Our comparative analysis of machine learning models revealed distinct performance advantages: the XGBoost algorithm demonstrated superior capability in differentiating normal vocal cords from organic lesions (AUC = 0.894, accuracy = 0.893, precision = 0.903, recall = 0.876), while LightGBM achieved exceptional performance in malignancy prediction (AUC = 0.924, accuracy = 0.924, precision = 0.935, recall = 0.906). These results suggest LightGBM's particular clinical utility for early malignant lesion detection due to its robust predictive performance. This work contrasts with the OS-ELM approach employed by FT Al-Dhief et al. in speech pathology classification, highlighting how algorithm selection should be tailored to specific diagnostic objectives.³¹ The demonstrated efficacy of gradient boosting methods (XGBoost/LightGBM) for vocal lesion analysis, combined with their computational efficiency, positions them as promising tools for clinical implementation. Future research directions should investigate hybrid systems incorporating online learning capabilities (e.g. OS-ELM) with our validated acoustic feature extraction pipeline to enable real-time diagnostic applications.

Through SHAP value analysis, we obtained critical interpretability insights that quantify the relative contribution of each feature to the model's predictive outcomes. The SHAP values and plots revealed that the skew of /i/, skew of /ü/, peak2valley of /a/, age, and shapefactor of /o/ were the most influential features in the XGBoost model for predicting vocal cord organic lesions. Conversely, smoking had a relatively minor contribution. Furthermore, SHAP plot analysis revealed that age had a significant impact on the prediction verification process, with older ages being strongly associated with a higher likelihood of vocal cord malignant organic lesions in the LightGBM model. Similarly, drinking, male sex, and smoking were identified as promoting factors.¹⁸ Nuha Qais Abdulmajeed proposed a deep learning method based on unique feature selection that significantly improves the recognition of various speech pathologies, while our research focuses on distinguishing between benign and malignant vocal cord lesions and enhancing model interpretability through SHAP values, suggesting that integrating deep learning with explainability methods could further enhance the accuracy and clinical applicability of speech pathology recognition.³²

Our study explores the potential application of acoustic analysis combined with AI for diagnosing vocal cord lesions. This approach may offer an alternative pathway in otolaryngological diagnostics, potentially reducing dependence on invasive methods through non-invasive, AI-assisted solutions. The integration of machine learning models like XGBoost provides preliminary evidence supporting the feasibility of processing acoustic data for diagnostic purposes. Additionally, our use of explainable AI techniques (SHAP values) addresses interpretability considerations in medical AI, contributing to discussions about transparent healthcare technologies.

From a practical perspective, the methodology could potentially enable earlier lesion detection, which might improve clinical intervention timelines. The explainable components may offer clinicians insights into feature contributions, possibly supporting diagnostic confidence in clinical settings.

Limitations of this study

While this study demonstrates the promising application of acoustic analysis and machine learning in diagnosing vocal cord lesions, several limitations must be acknowledged:

The sample size of 157 participants, including only contain 18 malignant cases, may limit the generalisability of the findings, particularly for rare or aggressive lesions.

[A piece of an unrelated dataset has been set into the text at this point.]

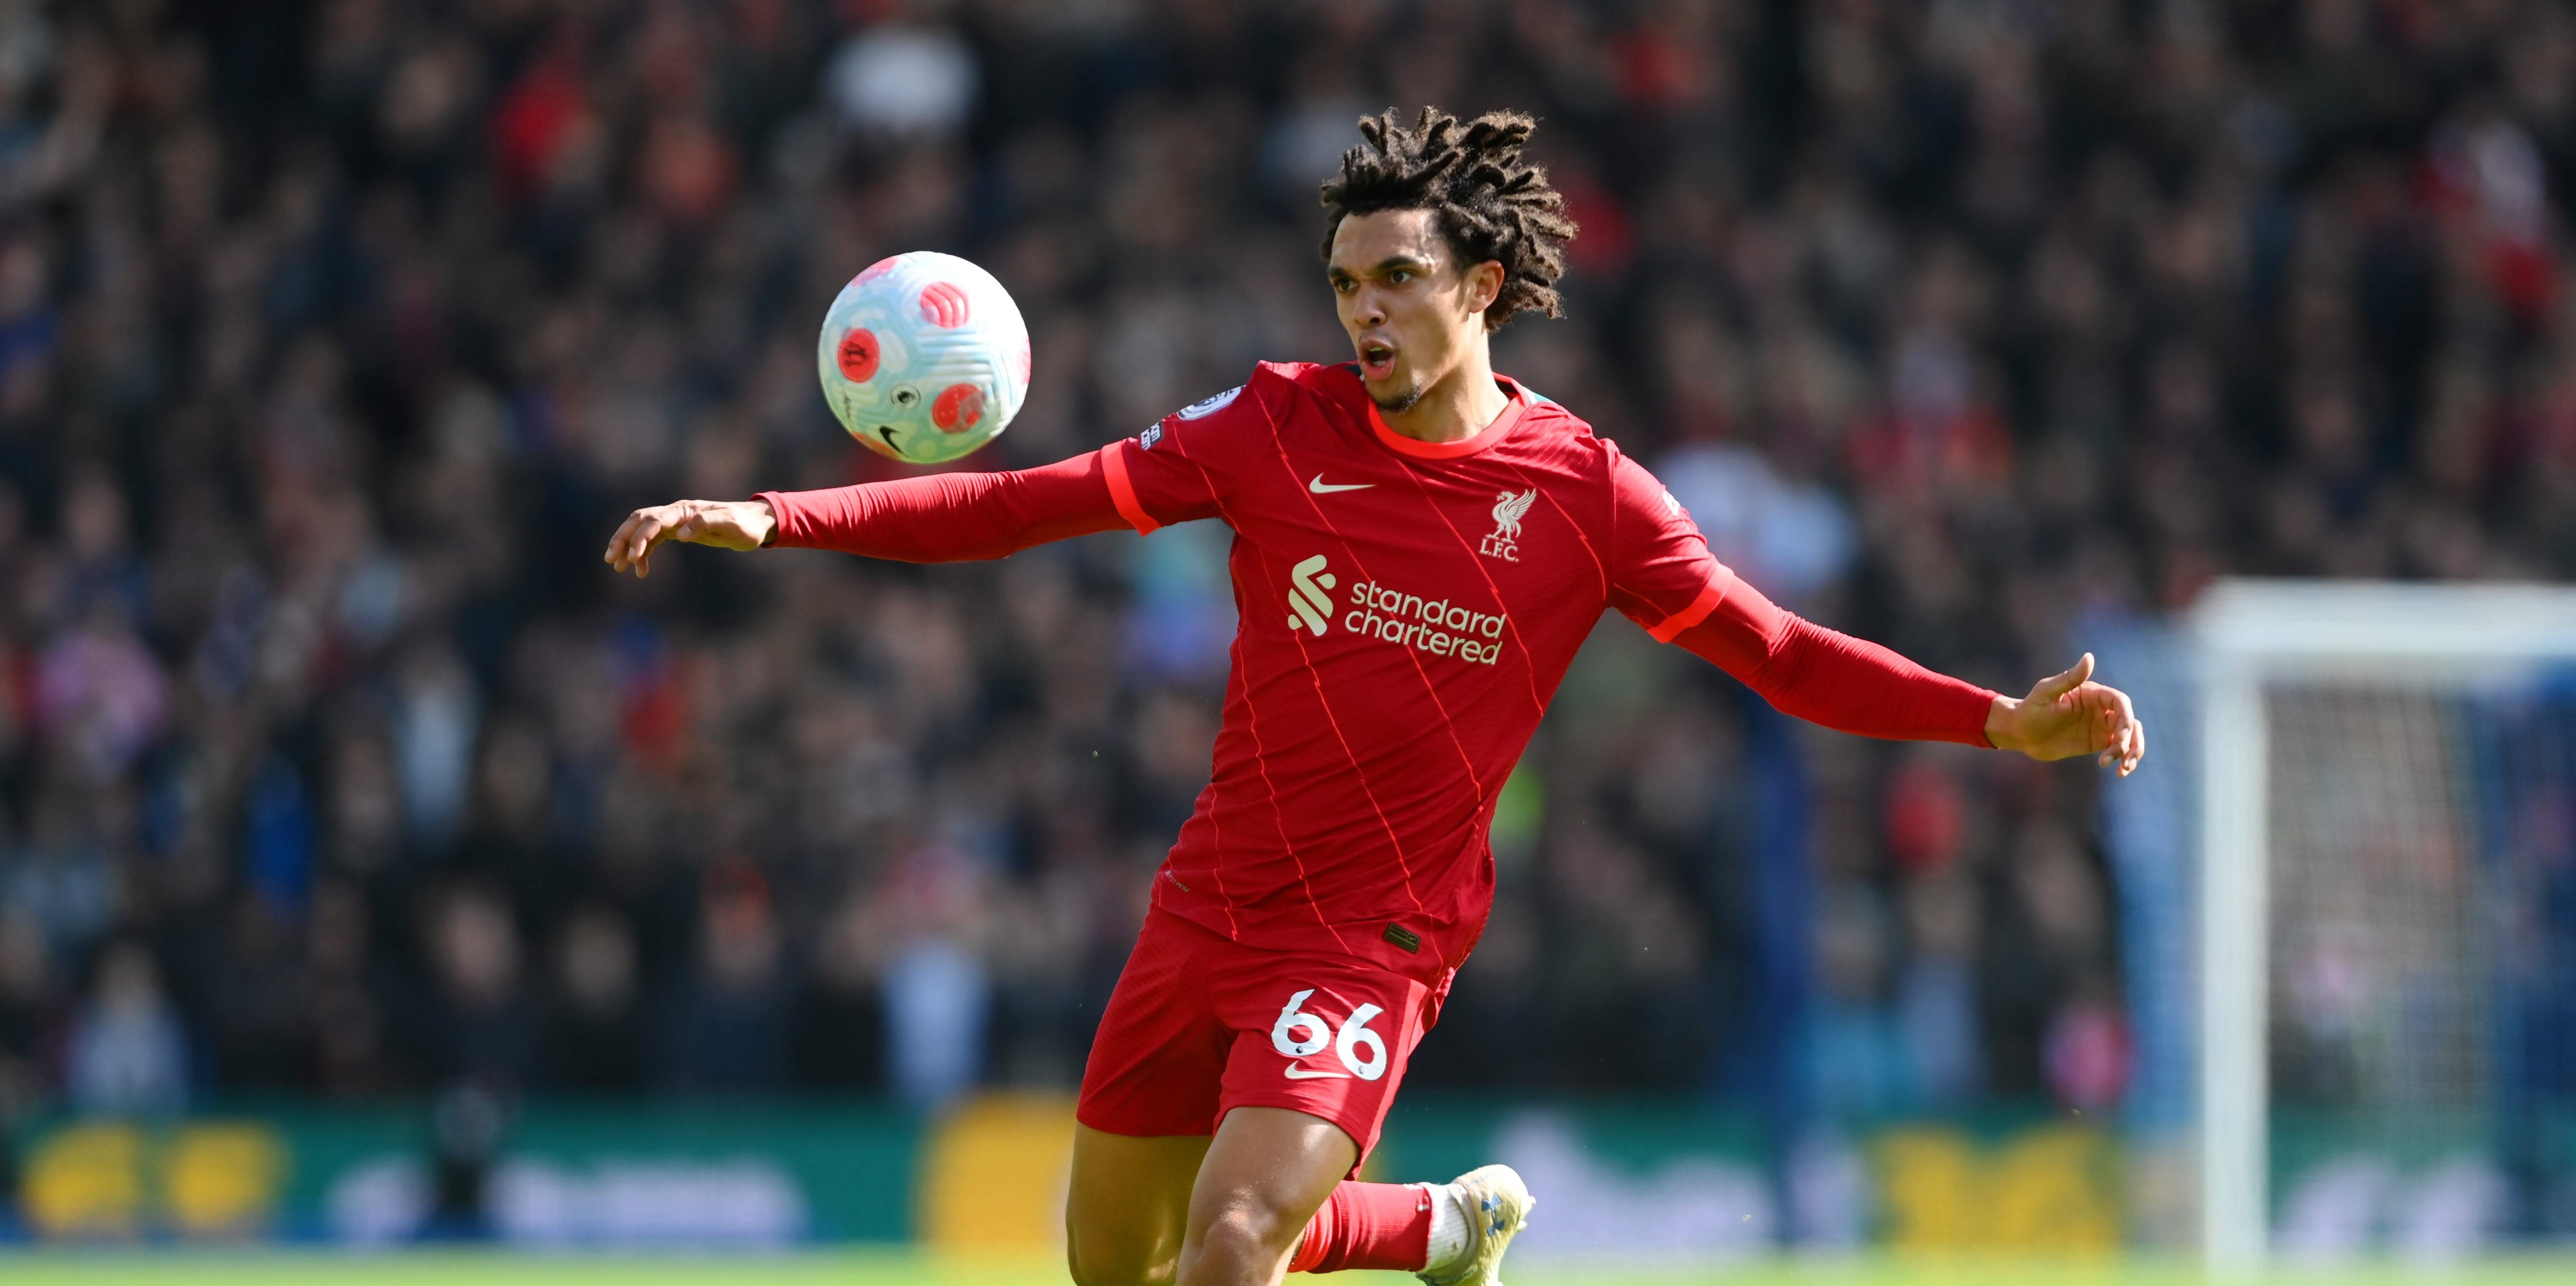 Ex-Red weighs in on the Trent Alexander-Arnold and Reece James debate and explains who he believes is the ‘better’ of the pair

The single-center design of the study could introduce selection bias, necessitating future multicenter studies with diverse populations to validate the results.

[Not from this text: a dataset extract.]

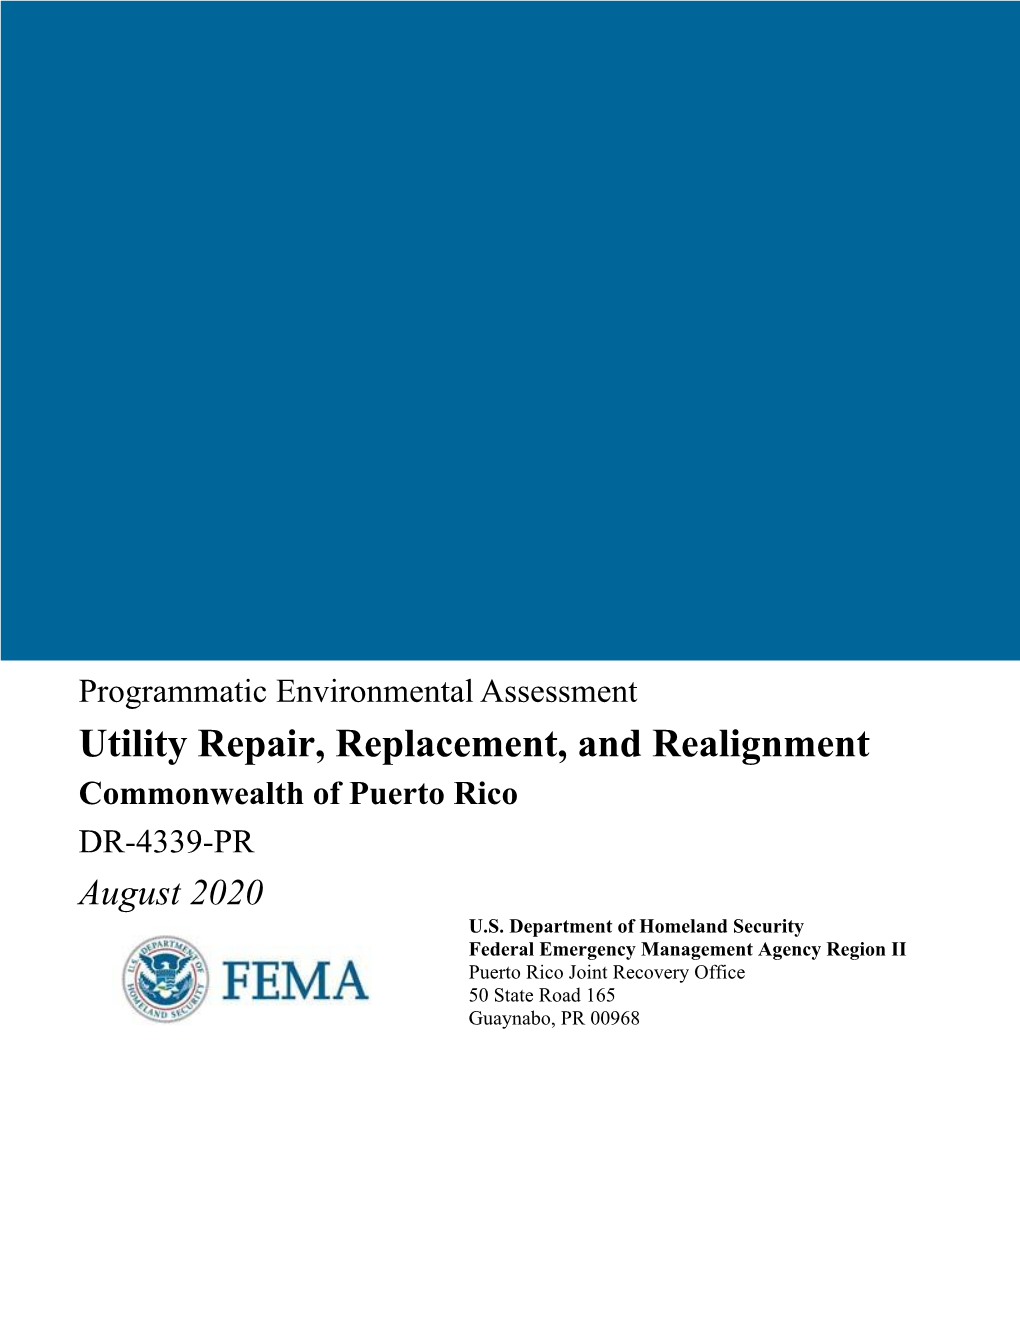 Utility Repair, Replacement, and Realignment Commonwealth of Puerto Rico DR-4339-PR August 2020 U.S

Although 34 acoustic parameters were analysed under controlled recording conditions, natural speech variability (e.g. emotional state, fatigue) was not fully accounted for. Additionally, other potentially relevant features (e.g. nonlinear dynamic measures) were not included in the analysis.

Despite attempting to address the imbalance in the dataset using over-sampling techniques (e.g. SMOTE), the training of the machine learning models was ultimately not performed using the over-sampled data due to observed degradation in performance. This decision may have further impacted the generalisability of the models.

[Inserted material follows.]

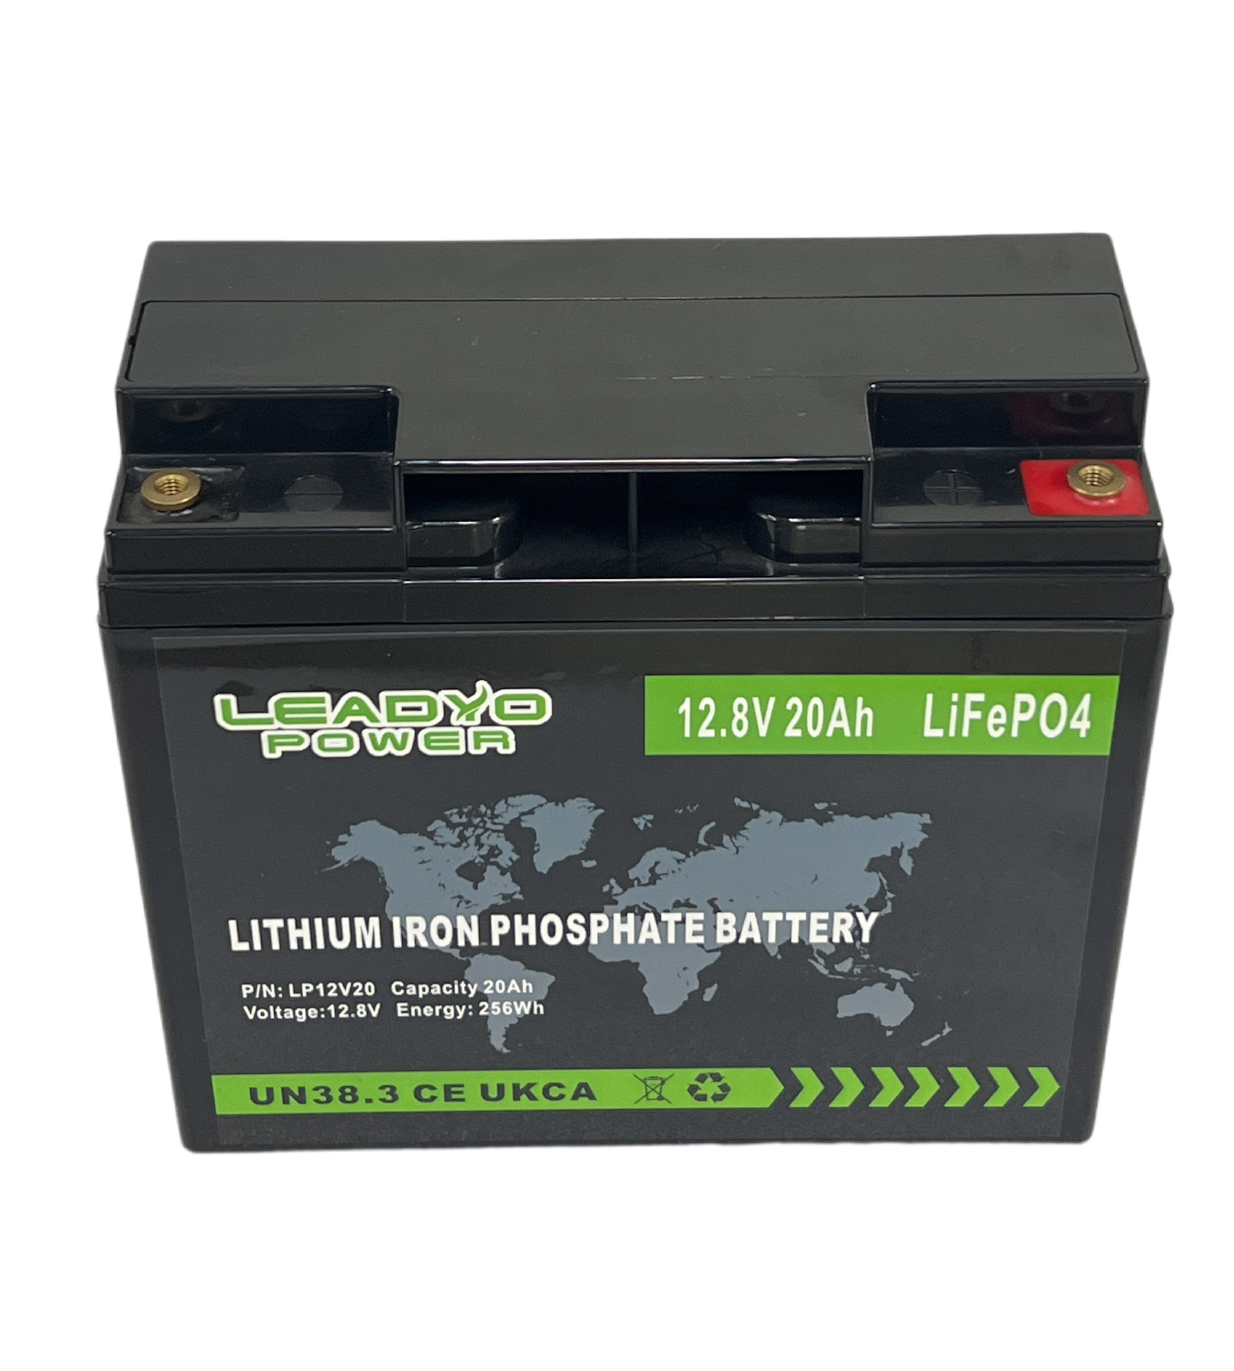 Experience Long-Lasting Power with Leadyo's LiFePO4 Battery Packs

Despite these limitations, the study highlights the potential of AI-assisted voice analysis as a non-invasive diagnostic tool for vocal cord lesions. Future research should address these constraints through expanded cohorts, multicenter validation, broader feature selection, and prospective clinical trials to fully realise its clinical potential.

Conclusion

This study theoretically advanced the field of voice disorder diagnostics by establishing a novel framework that integrates acoustic analysis with machine learning. The identification of 63 distinctive acoustic parameters between healthy and pathological voices provided a quantitative basis for understanding how vocal cord lesions alter phonatory dynamics. The SHAP analysis further unveiled the interpretability of AI models, demonstrating that features like age and acoustic skewness are key predictors of malignancy, which enriched the theoretical understanding of lesion classification. Practically, the developed XGBoost and LightGBM models offered a non-invasive, efficient alternative to traditional diagnostic methods, potentially reducing reliance on invasive laryngoscopy and improving early detection rates for vocal cord malignancies.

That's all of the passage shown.